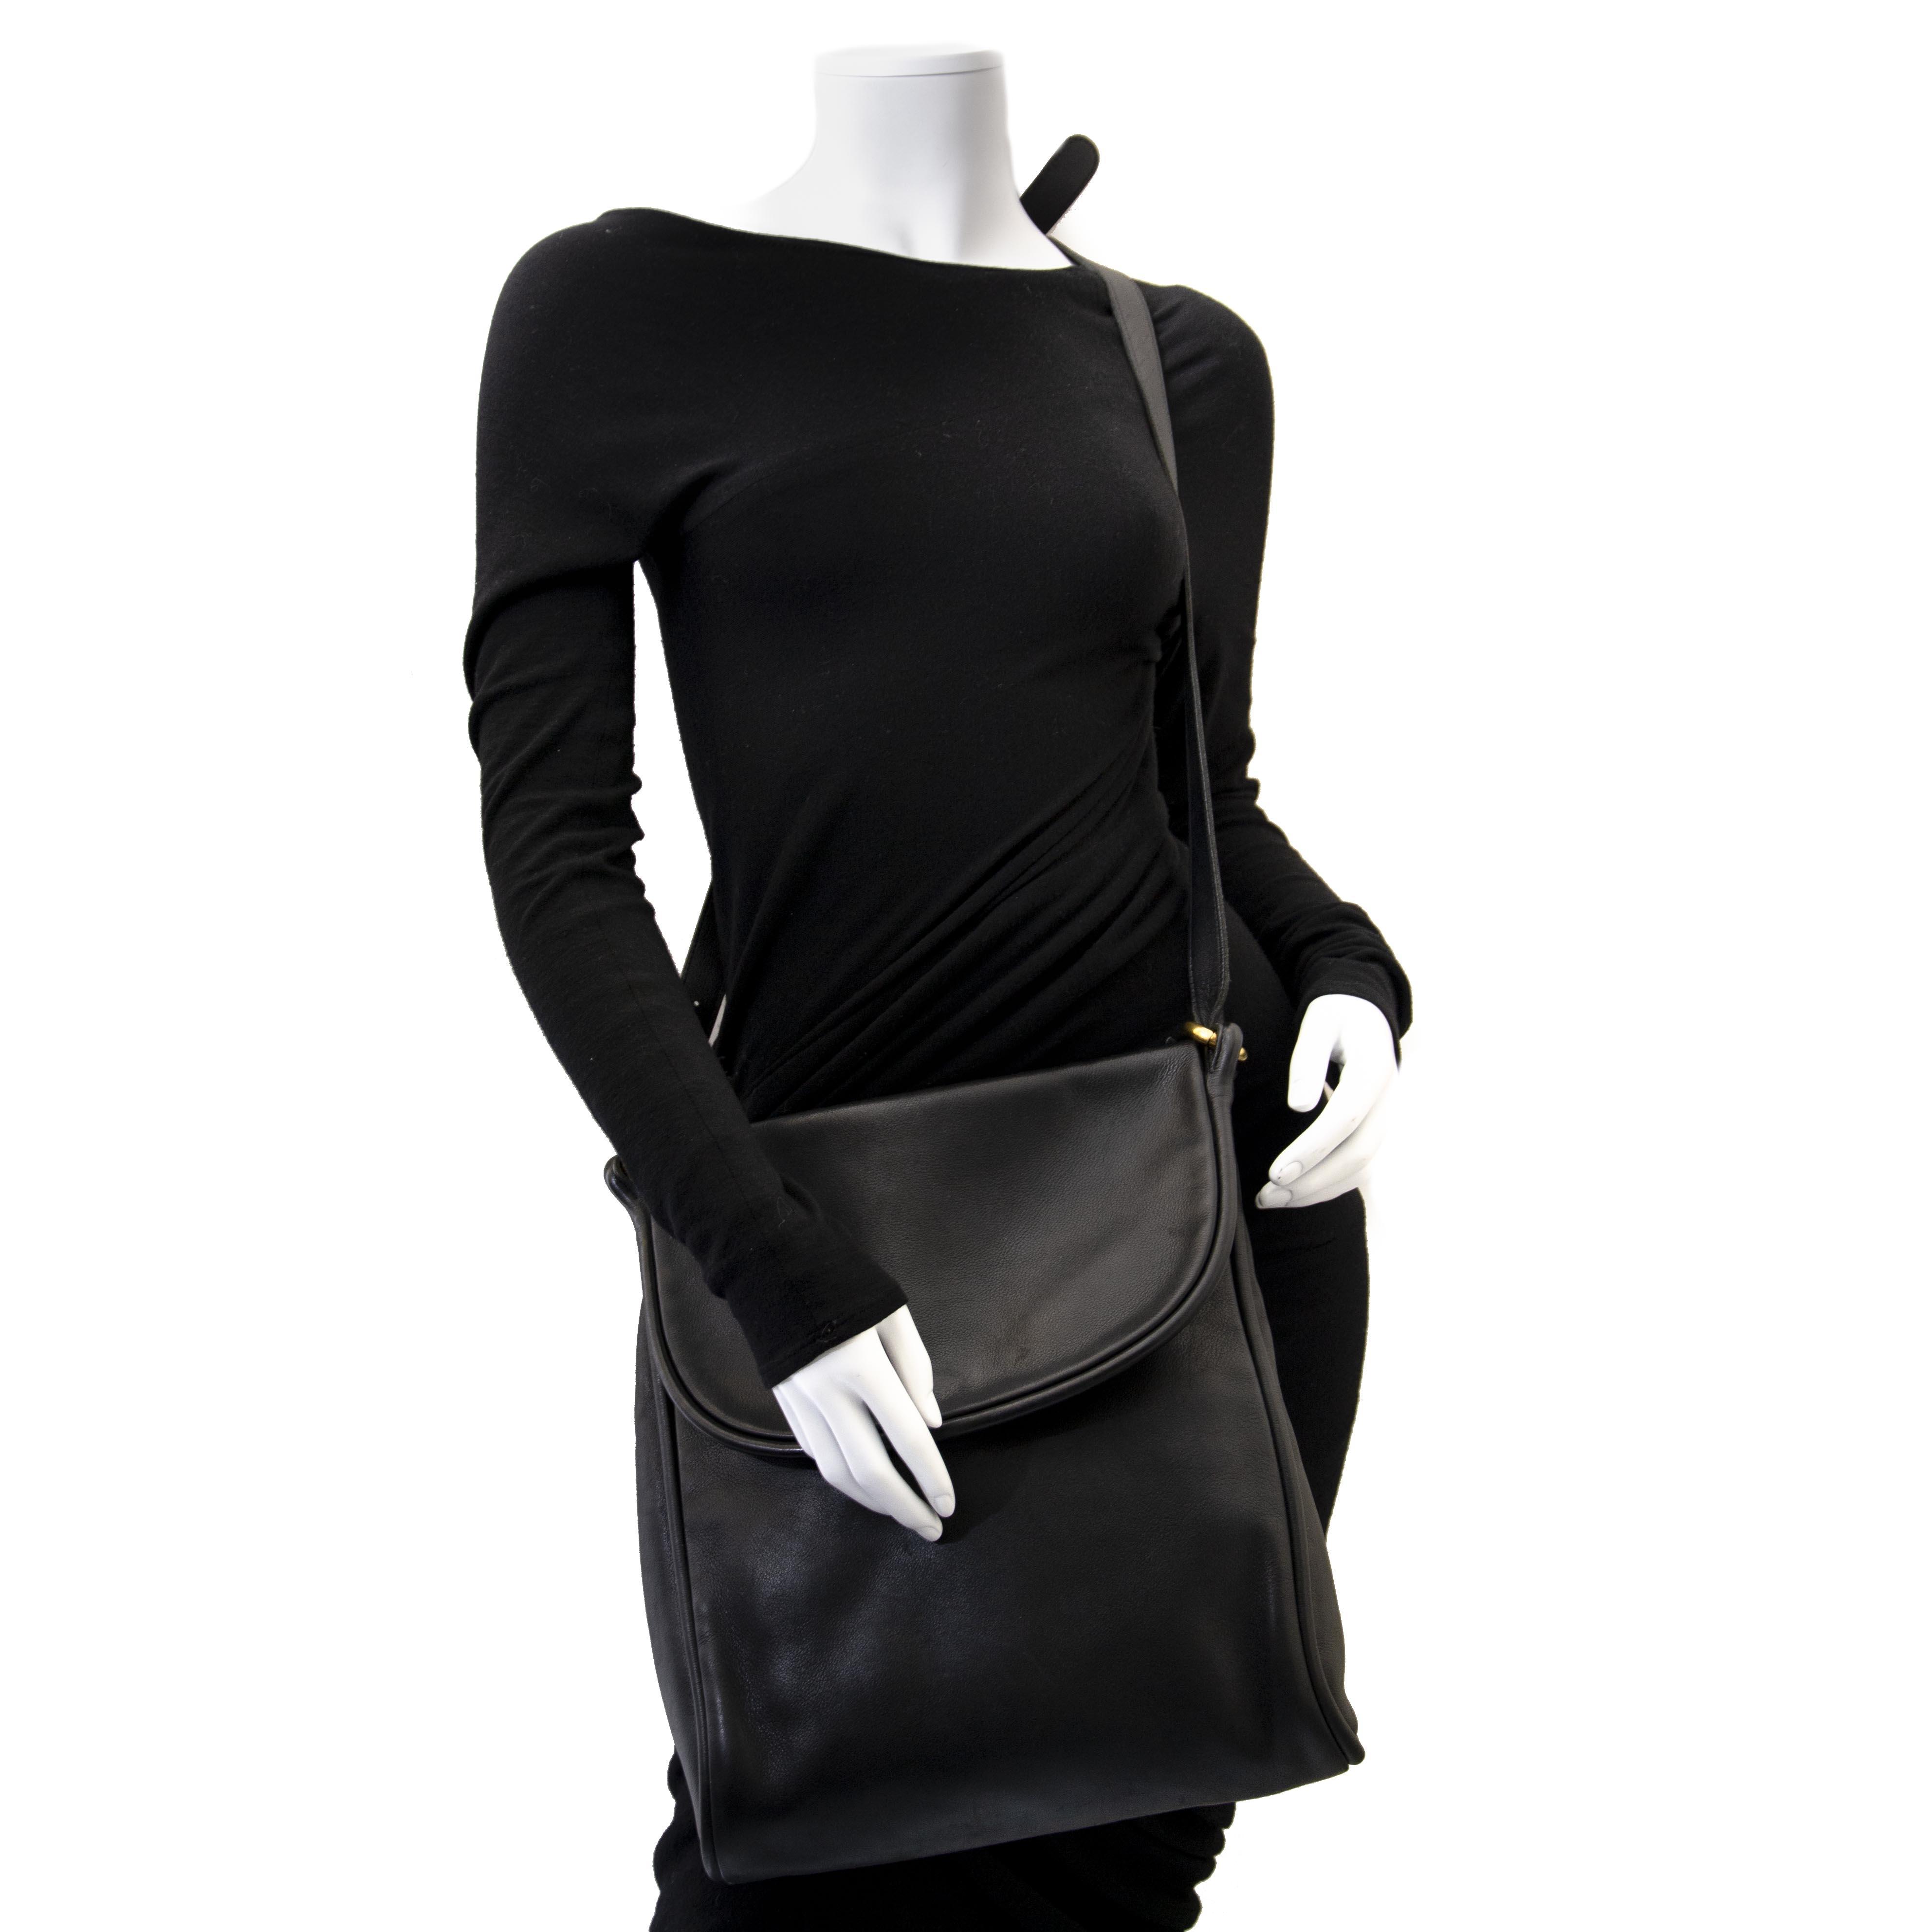 Tweedehands Delvaux handtas bij Labellov Antwerpen. Online webshop met designer handtassen
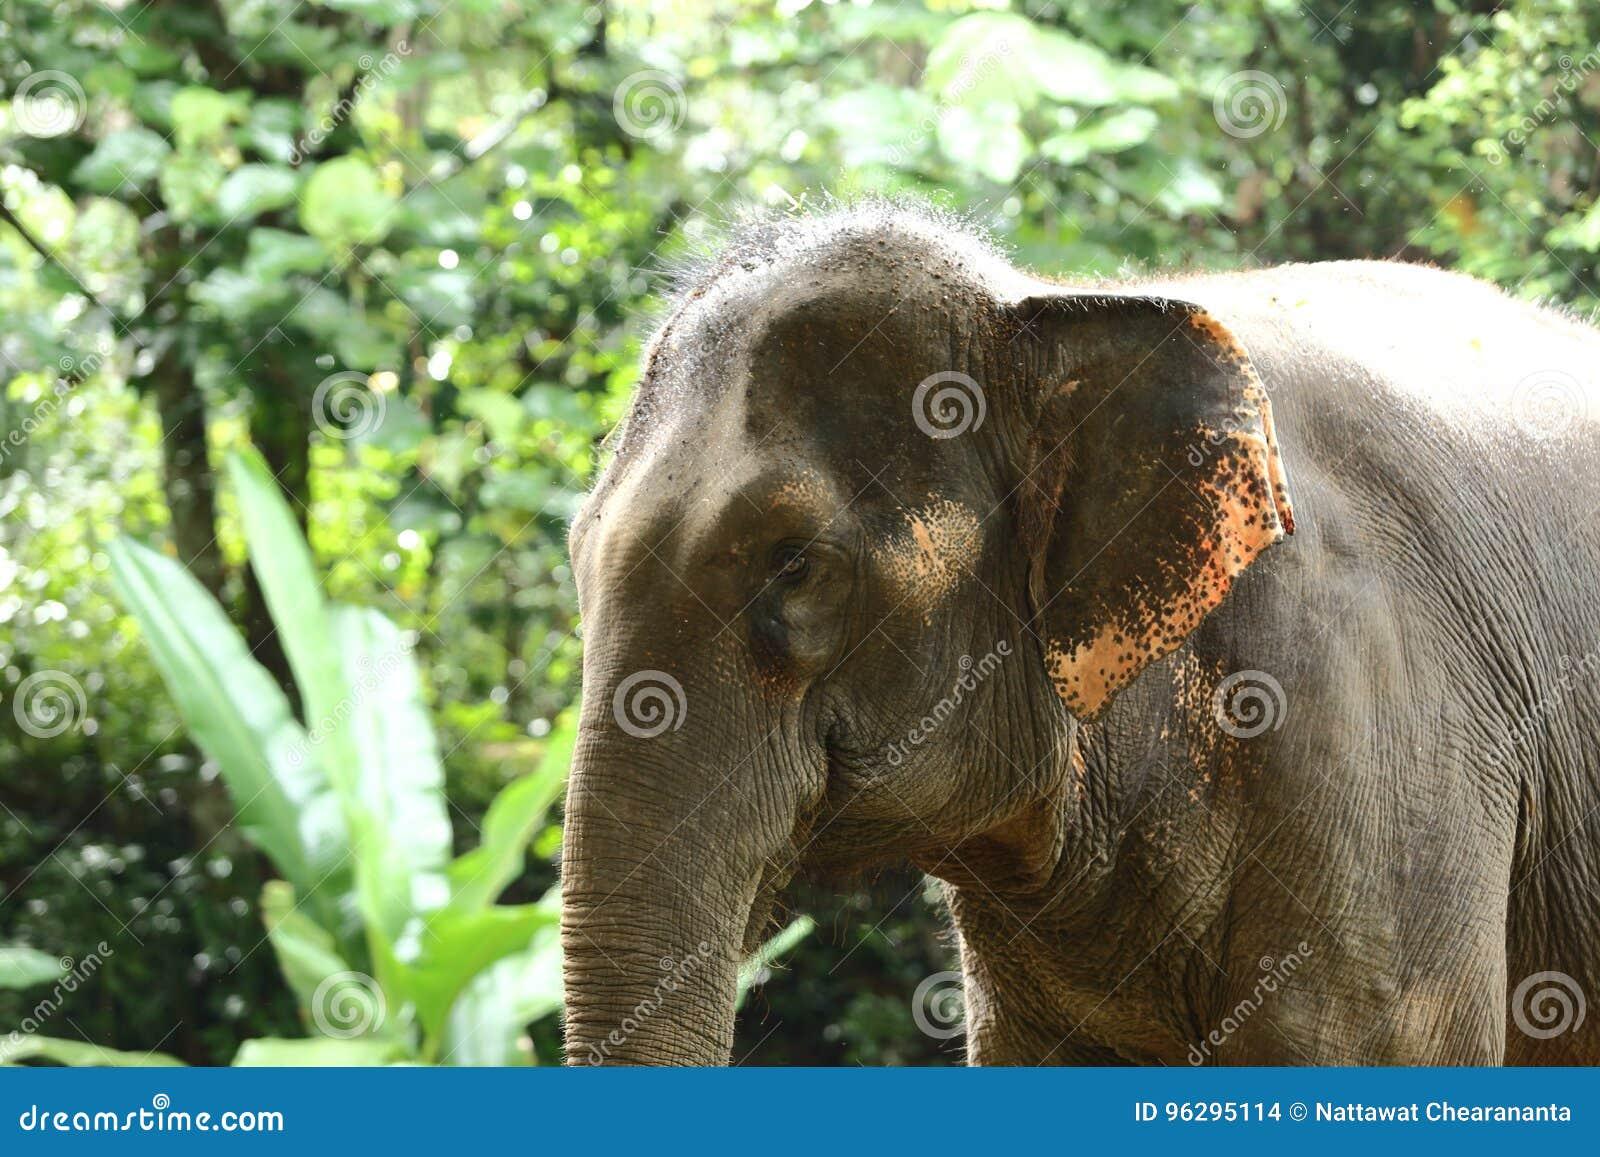 Εξημερωμένος ελέφαντας στο βαθύ δάσος ζουγκλών για τον τουρισμό
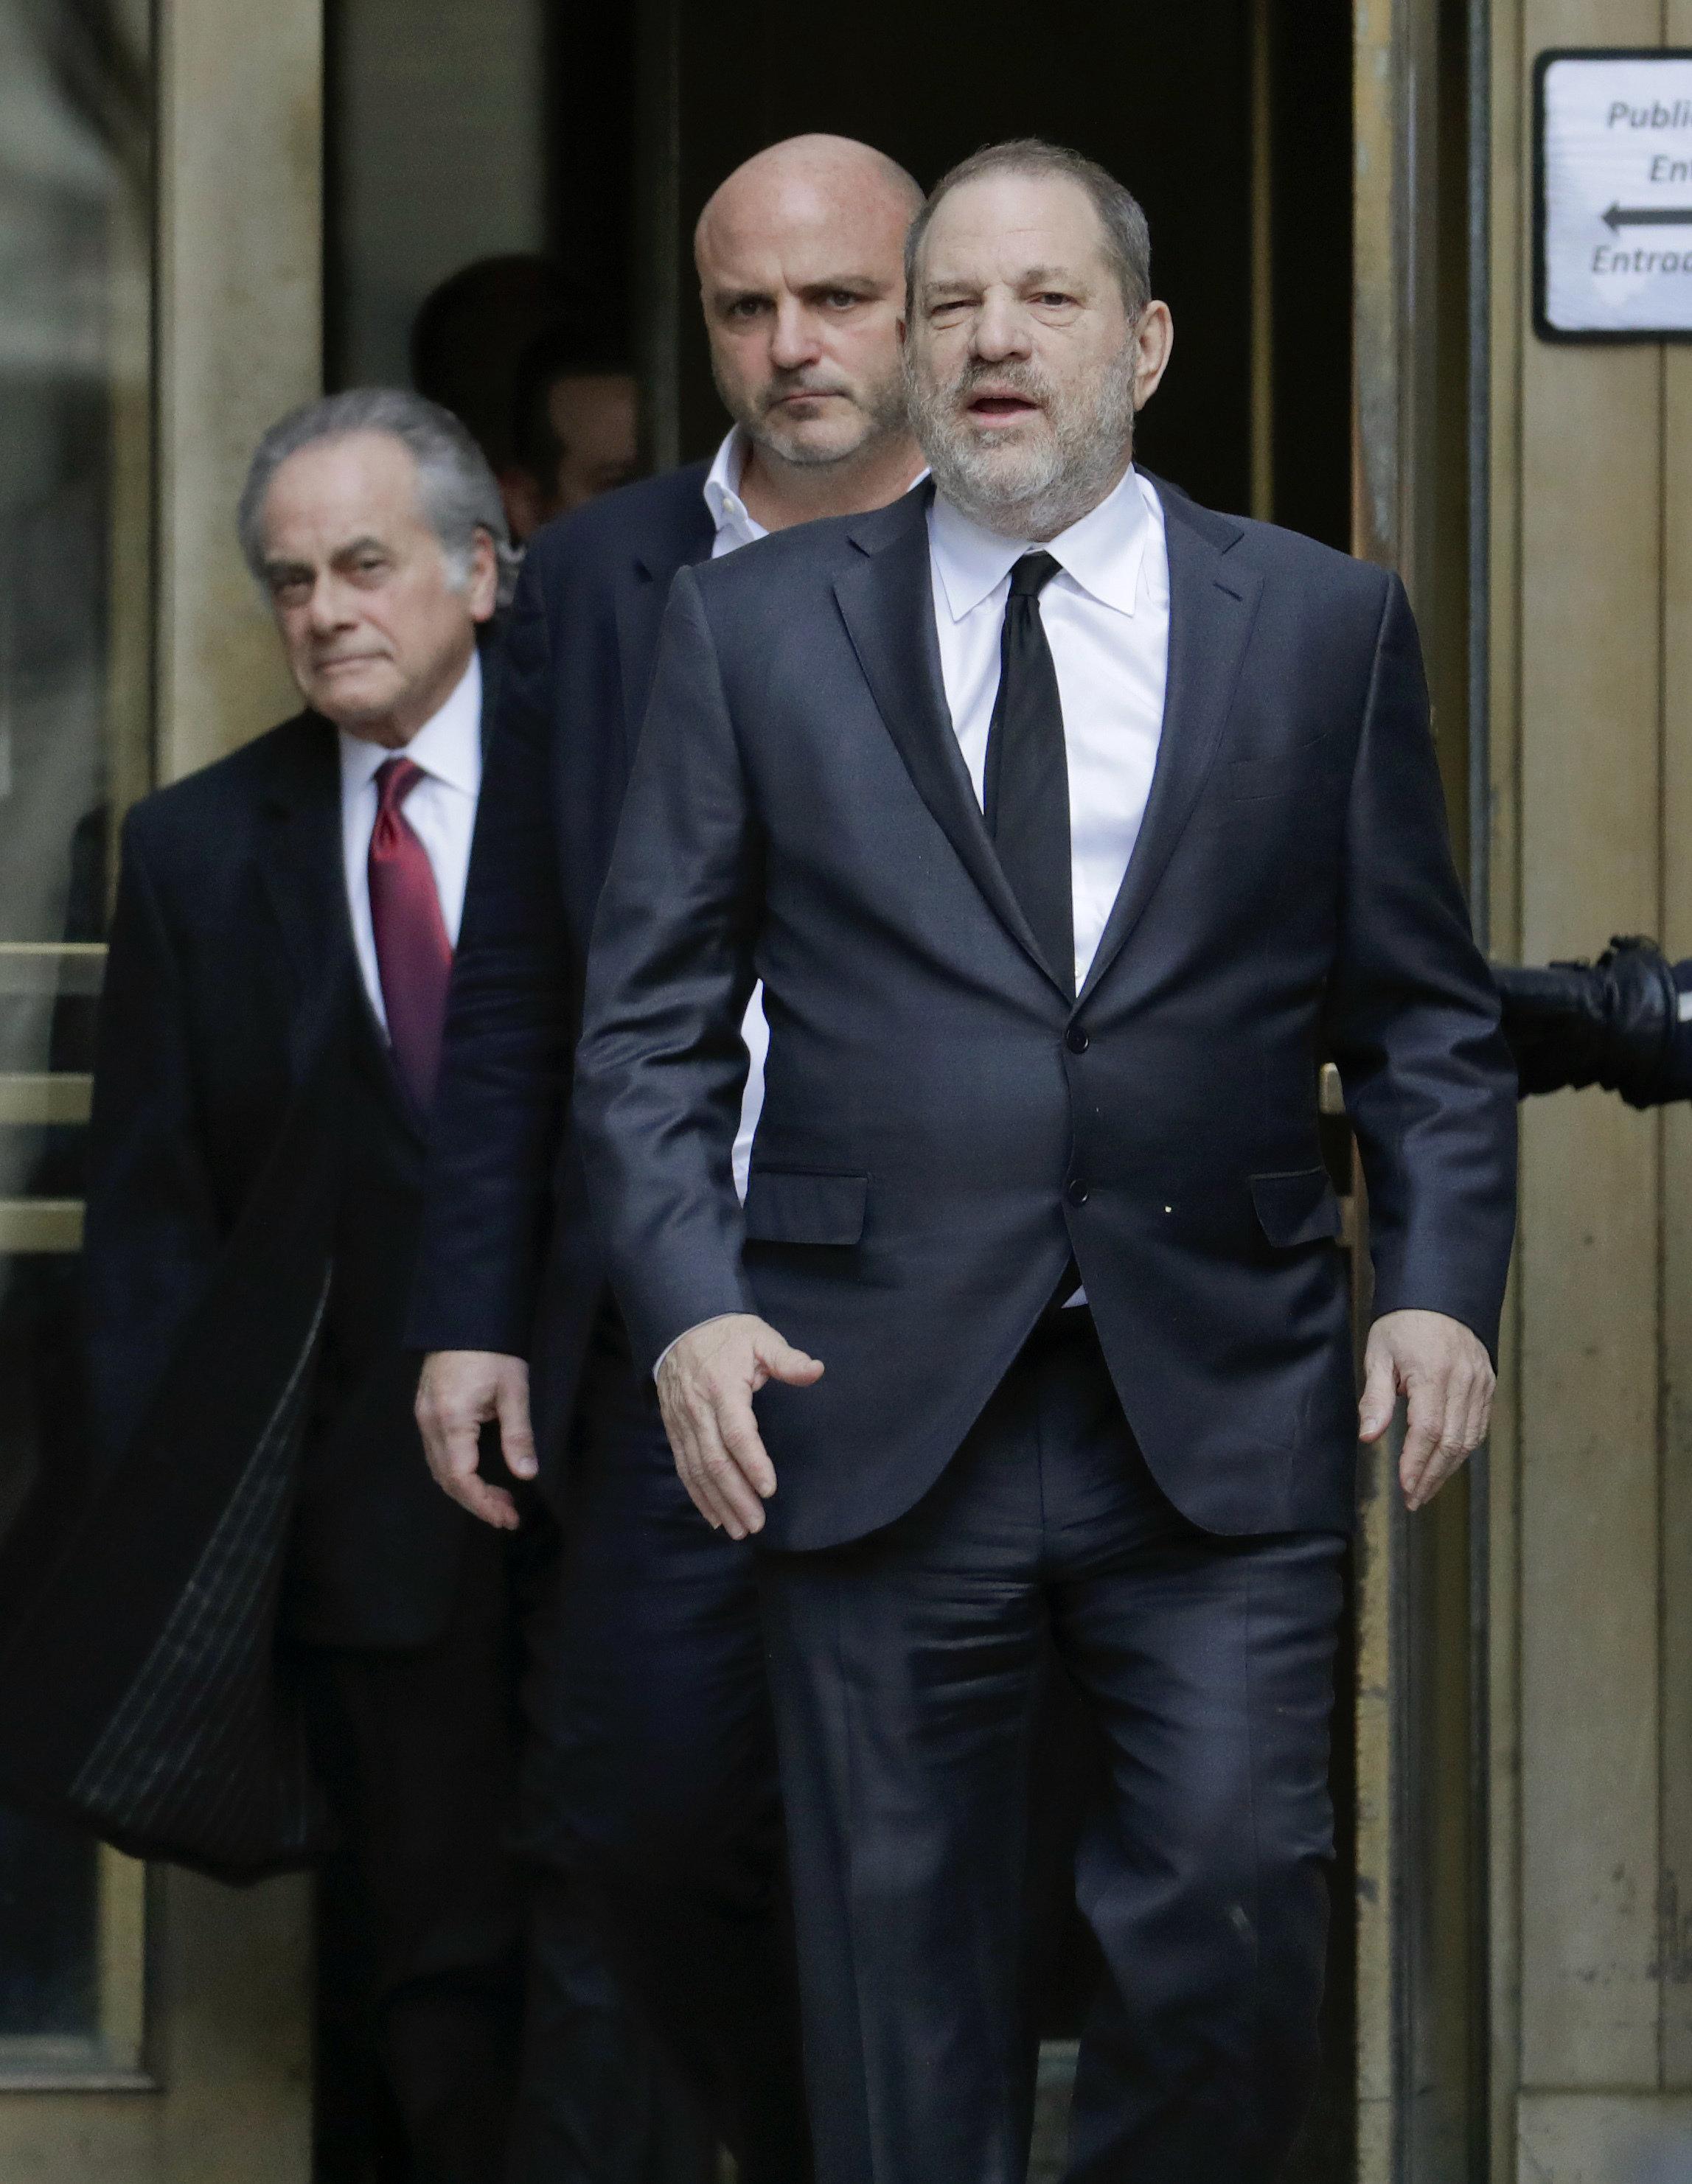 Ο Χάρβεϊ Γουάινσταϊν θέλει απελπισμένα να βρει γυναίκα δικηγόρο (αλλά δεν τα

★ ★ ★ ★ ★

* **Task details**
Omit all images when repeating the data above exactly.

* **Output**
 Tweedehands Delvaux handtas bij Labellov Antwerpen. Online webshop met designer handtassen
 Εξημερωμένος ελέφαντας στο βαθύ δάσος ζουγκλών για τον τουρισμό
 Ο Χάρβεϊ Γουάινσταϊν θέλει απελπισμένα να βρει γυναίκα δικηγόρο (αλλά δεν τα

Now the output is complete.